Key Exchange Algorithm: Determines how the client and server will securely exchange encryption keys, such as Diffie-Hellman (DH) or Elliptic Curve Diffie-Hellman (ECDH).
Encryption Algorithm: Specifies the algorithm used to encrypt the data, such as Advanced Encryption Standard (AES) or Triple Data Encryption Standard (3DES).
Message Authentication Code (MAC) Algorithm: Provides integrity checking for the transmitted data, ensuring that it has not been tampered with. Common MAC algorithms include HMAC-SHA256 or HMAC-MD5.
Hash Algorithm: Determines the hashing function used for various purposes, such as certificate signatures or message integrity checks. Examples include SHA-256 or SHA-3.

The specific combination of these algorithms in a cipher suite depends on the security requirements and compatibility of the communicating entities. The chosen cipher suite must be supported by both the client and server to establish a secure and mutually understood way of protecting the data exchanged between them.

Given our newfound understanding of key-exchange, certificates, and cypher suites, the TLS handshake is shown in its entirety here.

The only new parts are when,

The client sends a ChangeCipherSpec message to inform the server that subsequent messages will be encrypted.
When the server receives the ChangeCipherSpec message, switches to the negotiated encryption parameters, and acknowledges the client’s Finished message.

SSL and TLS

Finally, before wrapping up, what is SSL (Secure Sockets Layer) and TLS (Transport Layer Security)?
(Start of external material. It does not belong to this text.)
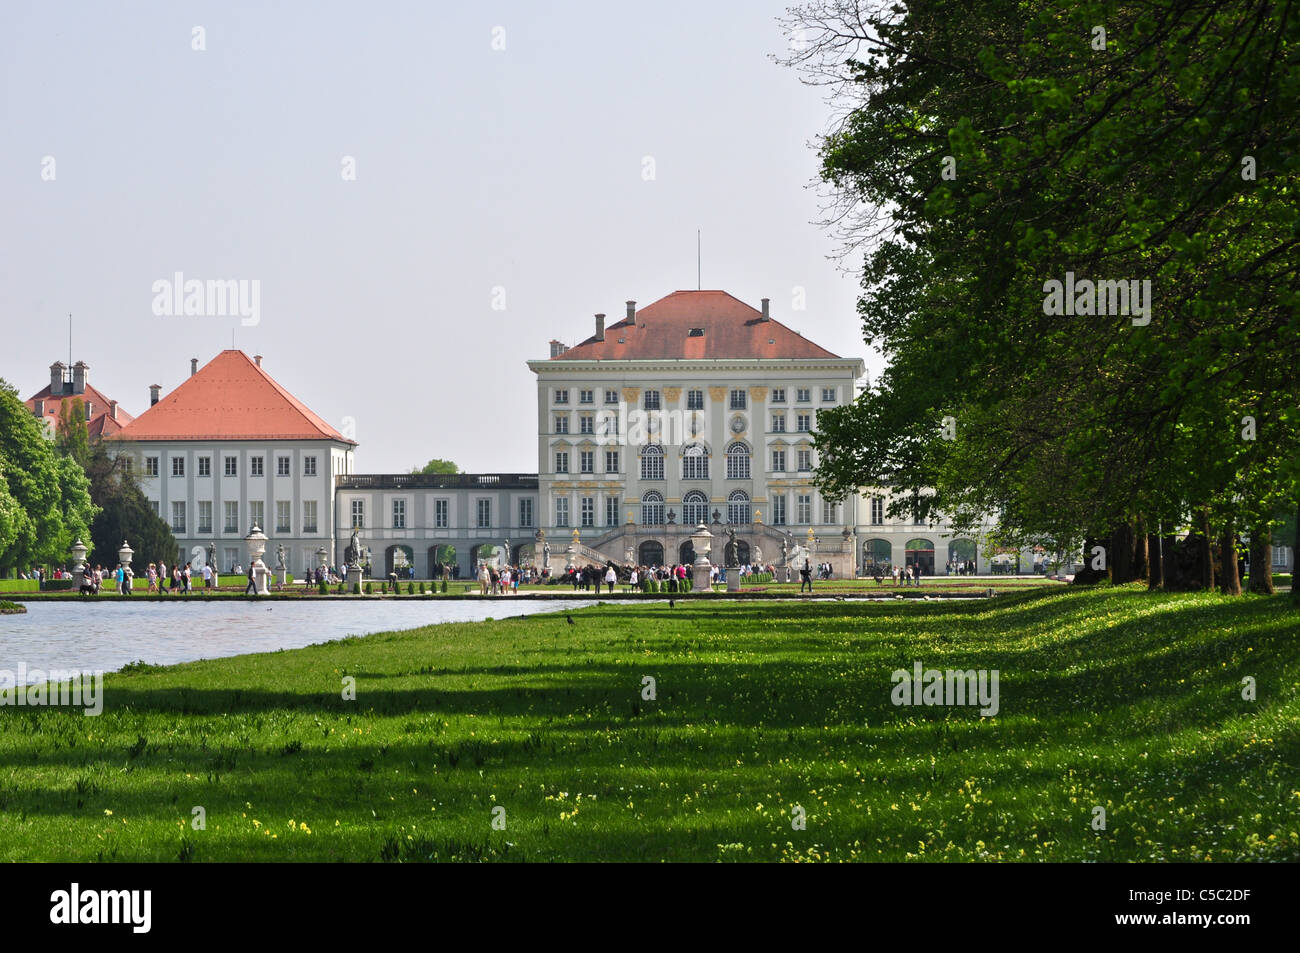 Nymphenburg Palace - Munich, Germany Stock Photo

Are they the same or two different technologies?

Simply put, they are cryptographic protocols used to secure communication over networks and SSL was the predecessor to TLS. Due to SSL’s known security vulnerabilities and weaker encryption algorithms, it is generally recommended to use TLS instead. TLS provides stronger security measures, improved protocol versions, and better compatibility with modern systems and applications.

PKI encompasses everything in the modern internet and it can be tricky to wrap your head around it. I hope you are now equipped with enough knowledge to handle the internet security-related problems that come your way.